Maybe then
If I ruled the world and everyone had no choice but to do my bidding, I would order my father to stop drinking. Maybe then, he'd listen to me and the red of his eyes would finally begin to fade. My father drinks whenever he can, so long as there is a bottle of gin in the store; so I would ban every alcoholic drink and tax their manufacturers to bankcruptcy. Under my reign, no one would be allowed to drink. They could try but once I'd find out, I'd have them swig down every drum of alcohol to the last drop.
If I ruled the world and the money-system was in my hand, I would burn money-lending companies to the ground and fine them for taking advantage of my mother. If there was no law for that already, I would have my legislators draft one right now.
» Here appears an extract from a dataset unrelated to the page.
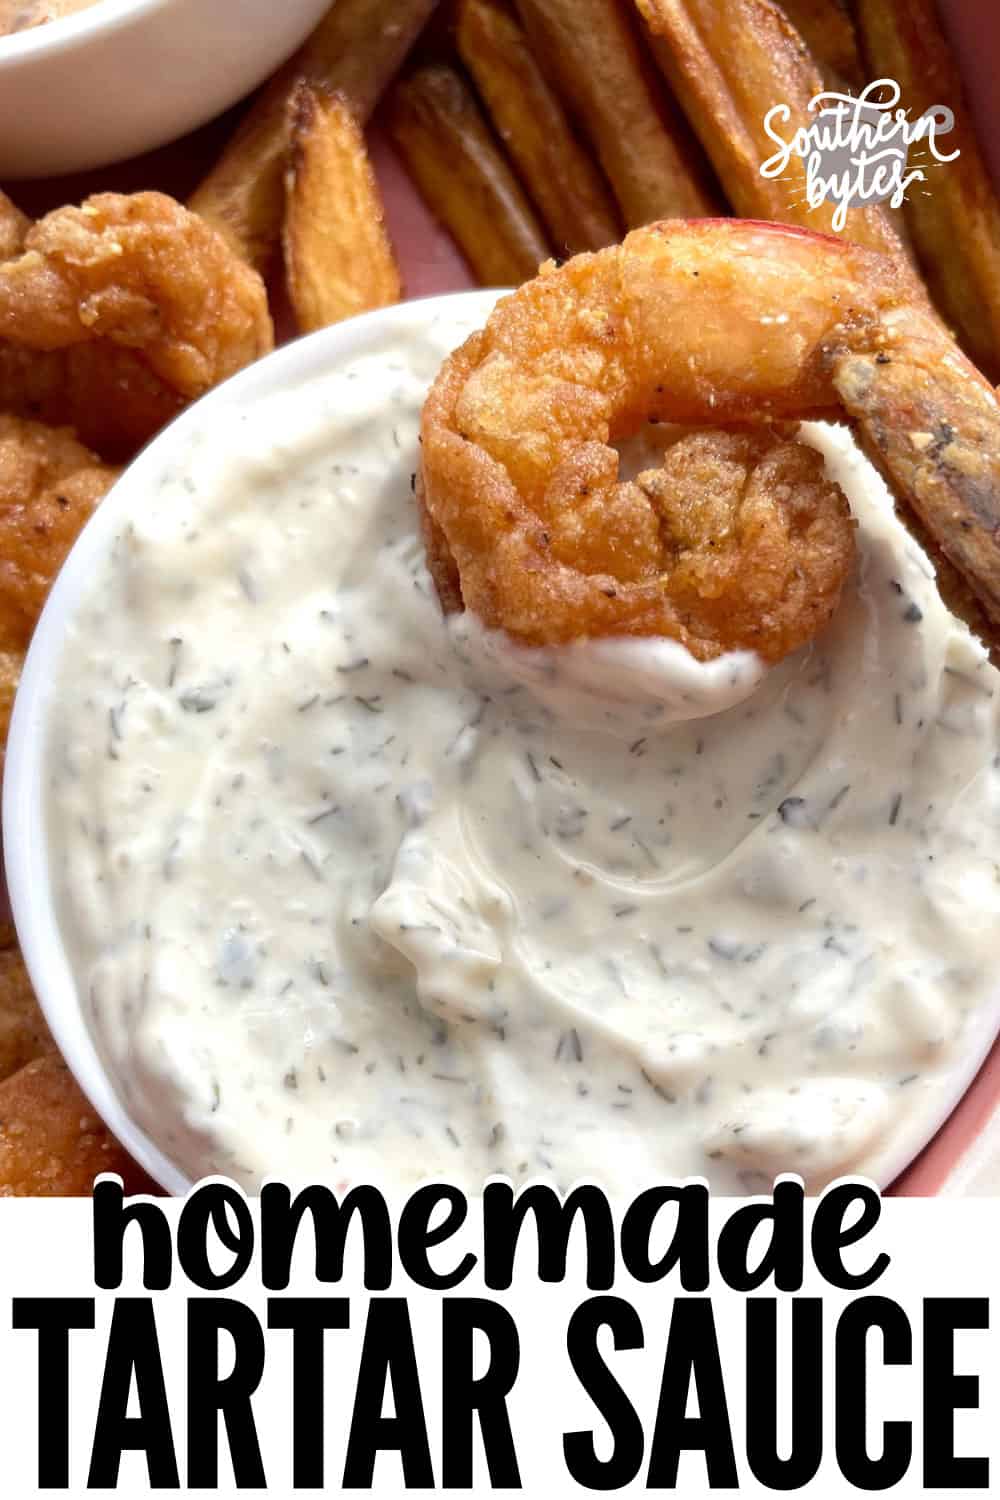 A pin image of a bowl of tartar sauce with a fried shrimp in it.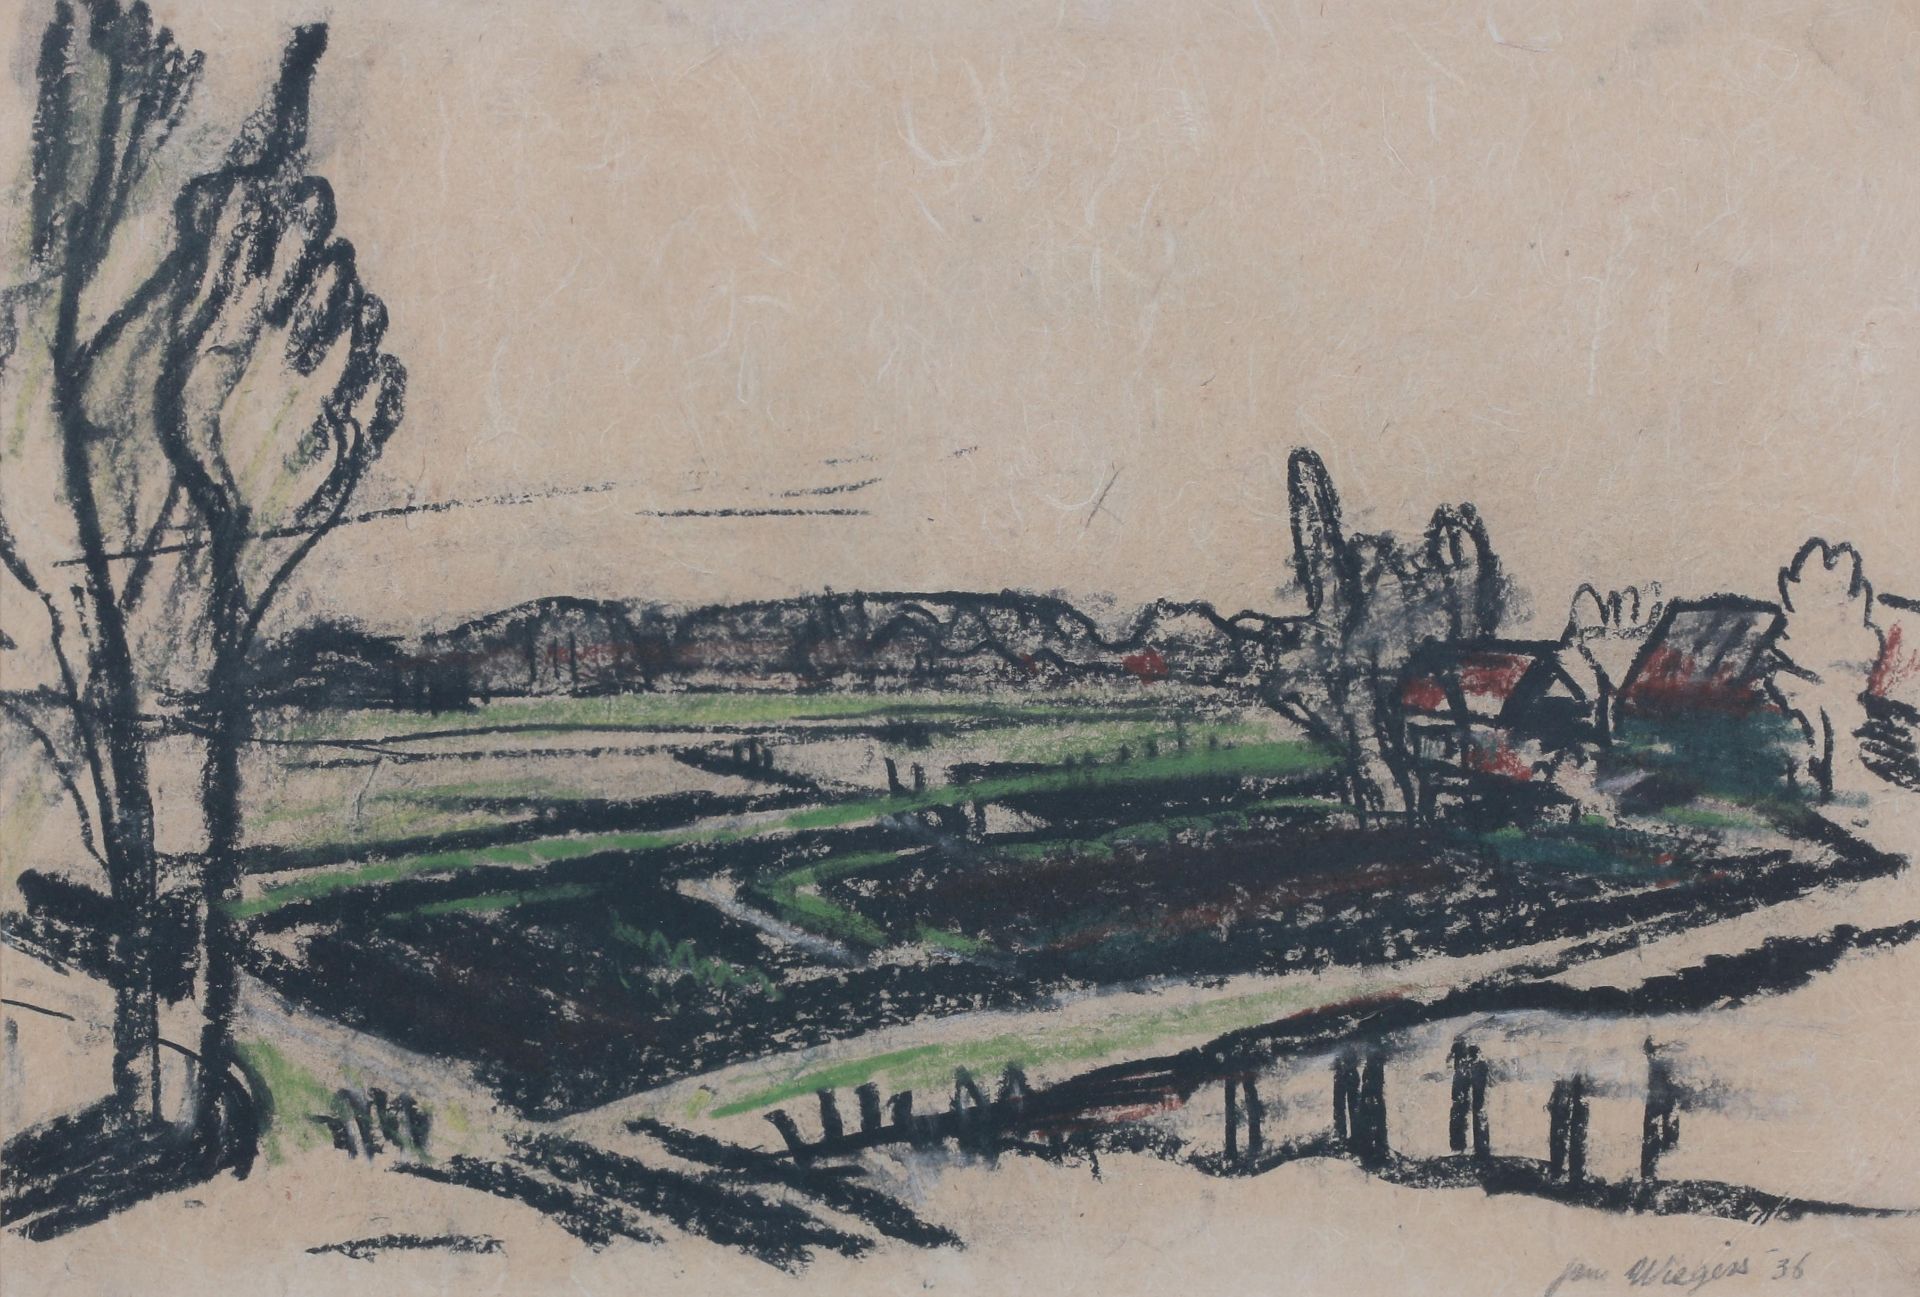 Jan Wiegers (1893-1959) Landscape. Signed and dated 1936 lower right. Gemengde techniek

Every undue interest they demanded from my mother, I would take away from them, no interests added because I am not like them. And I'd tell my mother to quit her worrying about money. I would be the ruler of an entire planet, surely there'd be a fine salary in that.
If I ruled the world and people would strain to listen to me speak, I would tell the dean that I wasn't unworthy of being a scholar, unlike she said. I'd clarify that I did participate in school activities but I was just lazy to mention them in my forms. If only she had the mind to take a look at my grades, she would have realized earlier; and she would not need to be shamed for shaming a world ruler in her small office.
If I ruled the world and my words bore the power of my army, I'd decree for my neighbor to stop hurting his children. I hear them crying everyday because they dropped a glass or tripped clumsily and so got belted on the arm for that. He has a pretty huge build and an intimidating aura but if I ruled, who would be scared of whom now?
If I ruled the world and my power reached far, I'd command my subordinates to go find that little girl I saw on TV. She had progeria, they weren't rich, and she did not have long to live. I'd order them to bring her to the best clinic and have her checked up regularly. I'd finance the research for her cure, and if there were still none, I'd like to make the rest of her days the best she'd ever known. The boy with hydrocephalus, the girl with heart disease, the twins whose bones are frail, and all those people I saw suffering in the news, I might not be able to save them but I'd like to try.
If I ruled the world and my every breath counted, maybe I'd start to realize then how important I am. Maybe then I'd stop doing these stupid things to myself. Maybe then I'd stop punishing myself for all the times I have erred. Maybe then, I'd be able to recognize my own worth and at last forgive myself.